A bright spot, says General Terry, is that the Army is slowly increasing dwell time, the time in between deployments.

It’s been a one to one, one year deployed to one year back home, and so when you look out to ‘12 and ’13, I think what you’re going to look at is 21 to 24 months of time back at home for soldiers and families.  I think what that means for the North Country community is you’re going to see more families accompanying soldiers and staying for longer.

According to its latest impact study, Fort Drum pumps 1 and a half billion dollars into the economies of Jefferson, Lewis, and St. Lawrence counties.  It employs thousands of civilians.

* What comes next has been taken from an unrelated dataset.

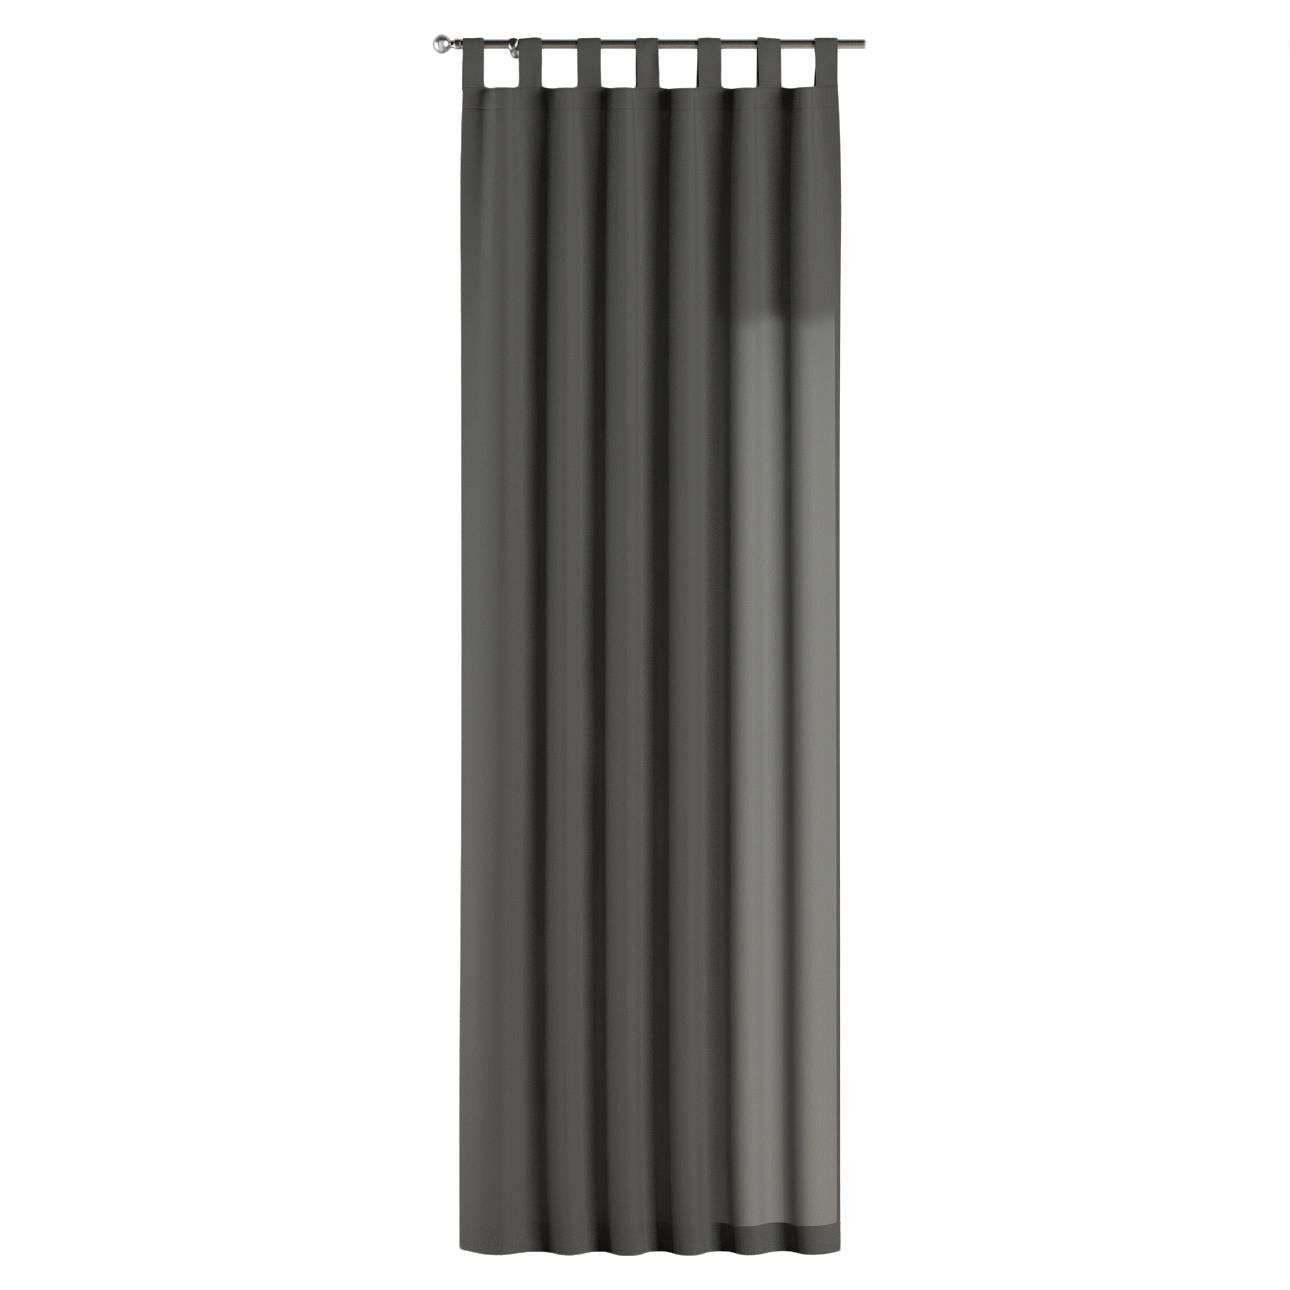 Zasłona na szelkach 1 szt. 1szt 130x260 cm w kolekcji Quadro, tkanina: 136-14

Officials have long worried about a severe housing shortage when all 20,000 soldiers are finally back at Fort Drum at one time.

That’s unlikely to happen anytime soon.  General Terry said there’s still much work to be done in Afghanistan.

What has to happen is the Afghan national security forces have to be able to control this insurgency themselves.  I will say this, they’re making a lot of progress.  To put a timeline on it would be very premature right now.

President Obama has set a 2014 timeline to pull out of Afghanistan.  His own Democratic Party, including Senator Kirsten Gillibrand, is pushing to move up that date.  Americans seems to agree.  The latest polls find a majority of Americans support a pull-out from Afghanistan soon.

For North Country Public Radio, I’m David Sommerstein at Fort Drum.